Table 1 shows the difference in original and rotated roots when the estimated root is rotated back. The planar diffusion shows a considerable difference in the estimate of the latitude, while it does not for the spherical diffusion estimate. The spherical diffusion model shows smaller standard deviation, possibly due to a different parameterisation than the planar model. Both models contain the original root location in the 95% highest probability density (HPD) interval, except when the tip locations are 90°rotated, then the planar diffusion model does not contain the root location any more. The spherical diffusion model has a considerably lower bias than the planar model. Longitude estimates for both models are very close to the expected value for both models. Note that 95% HPD interval sizes are comparable for both diffusion models at lower amount of rotations, but are erratic at higher amount of rotation for planar diffusion.

Table 1. Difference in root location between unrotated and rotated cases for planar and spherical diffusion models.

The numbers in brackets represent the 95% HPD for the difference of expected and estimated angle.

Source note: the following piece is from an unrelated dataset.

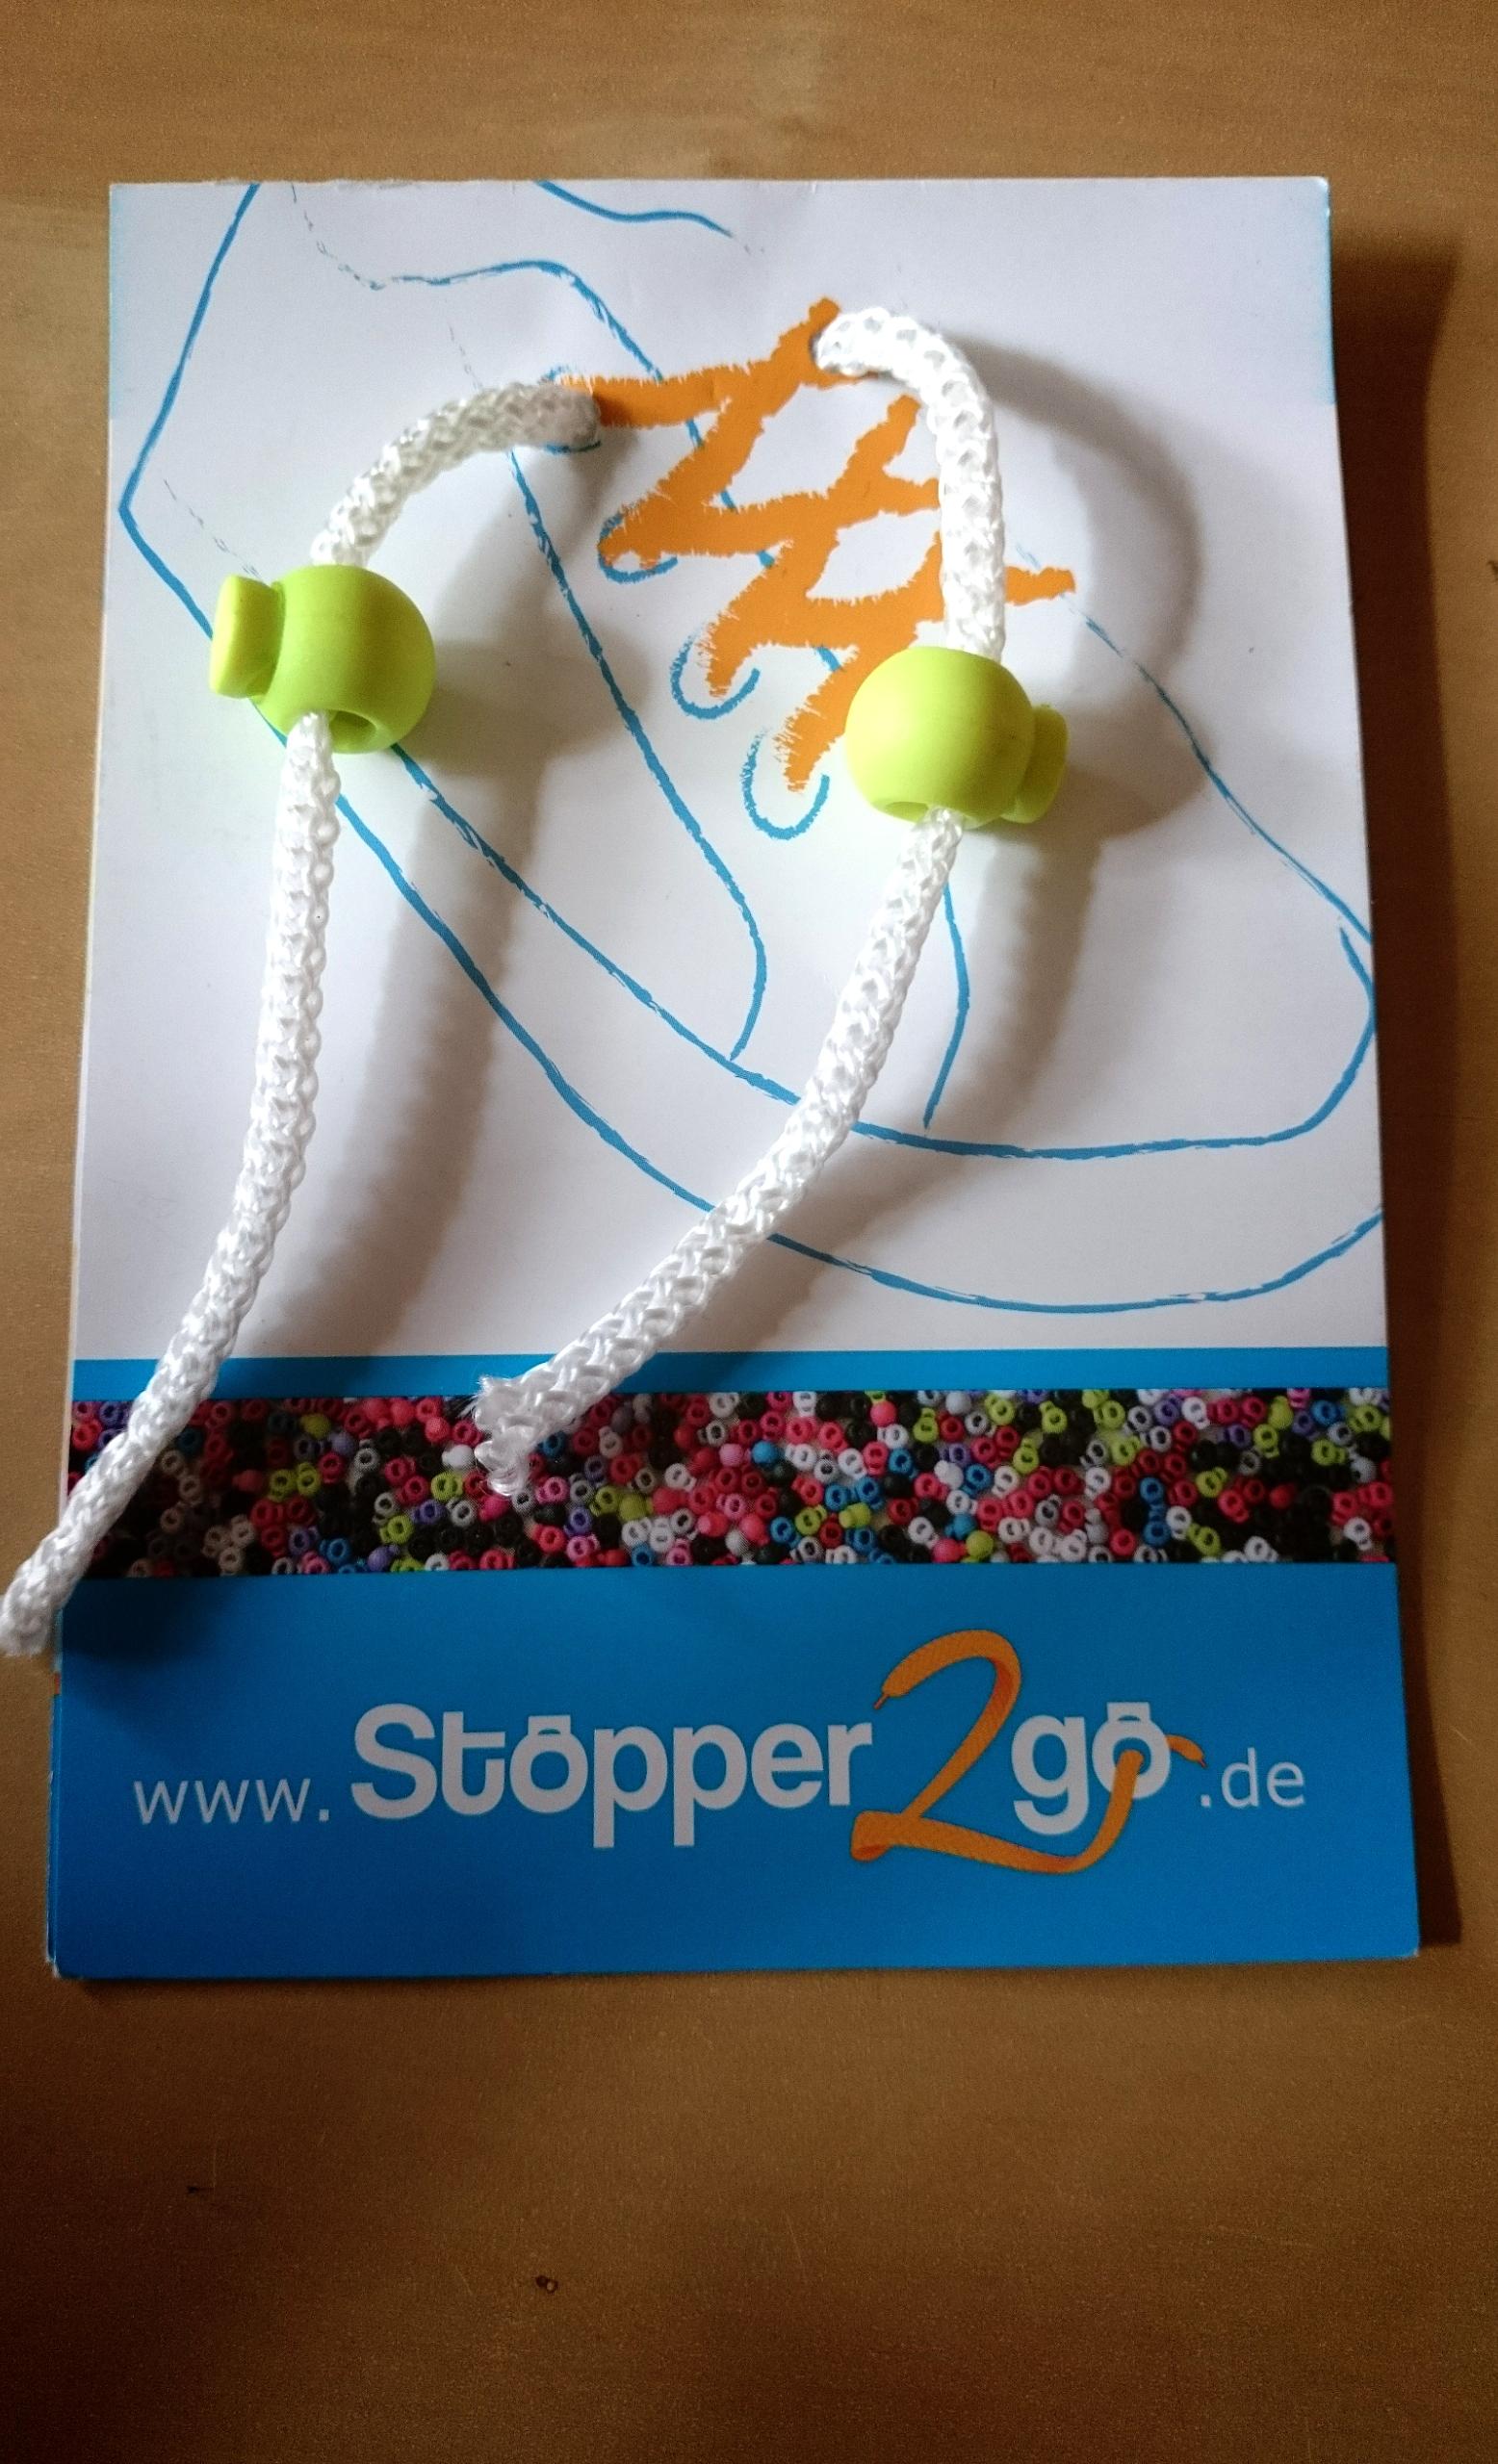 Stopper2Go

Angle	Diffusion on plane				Diffusion on sphere
	Δ latitude		Δ longitude		Δ latitude		Δ longitude
0	0.00	(−2.19, 2.26)	0.01	(−1.94, 1.86)	−0.03	(−2.11, 1.82)	0.01	(−1.83, 1.99)
10	0.02	(−2.22, 2.22)	0.00	(−1.87, 1.89)	−0.05	(−2.84, 2.52)	0.03	(−2.95, 2.42)
20	0.07	(−2.21, 2.21)	0.00	(−1.91, 1.87)	−0.02	(−2.20, 2.69)	0.01	(−2.45, 2.70)
30	0.11	(−2.04, 2.42)	0.00	(−1.86, 1.88)	−0.09	(−2.42, 2.52)	0.10	(−2.42, 2.42)
40	0.16	(−2.16, 2.32)	−0.02	(−1.97, 1.84)	−0.17	(−2.81, 2.18)	−0.03	(−2.43, 2.23)
50	0.18	(−2.06, 2.38)	0.00	(−1.86, 1.88)	−0.04	(−2.45, 2.10)	−0.09	(−2.07, 2.31)
60	0.25	(−2.01, 2.50)	0.00	(−1.84, 1.94)	−0.20	(−2.51, 1.68)	0.00	(−2.11, 1.82)
70	0.37	(−1.92, 2.54)	0.01	(−1.91, 1.90)	−0.18	(−2.01, 1.79)	−0.01	(−1.72, 1.79)
80	0.68	(−1.56, 2.92)	−0.03	(−1.99, 1.93)	−0.22	(−2.03, 1.65)	0.06	(−1.35, 1.42)
90	4.54	(3.25, 5.02)	0.02	(−3.96, 3.56)	−0.01	(−1.44, 1.36)	0.00	(−1.08, 1.01)

Open in a new tab

Furthermore, the planar diffusion model has different likelihoods and posteriors, while the spherical diffusion model’s posterior is invariant under rotation of the taxa. This is illustrated by Fig. 6 that shows posteriors for all rotated instances. The ones for planar diffusion are clearly distinguishable while the ones for spherical diffusion are too similar to be separated.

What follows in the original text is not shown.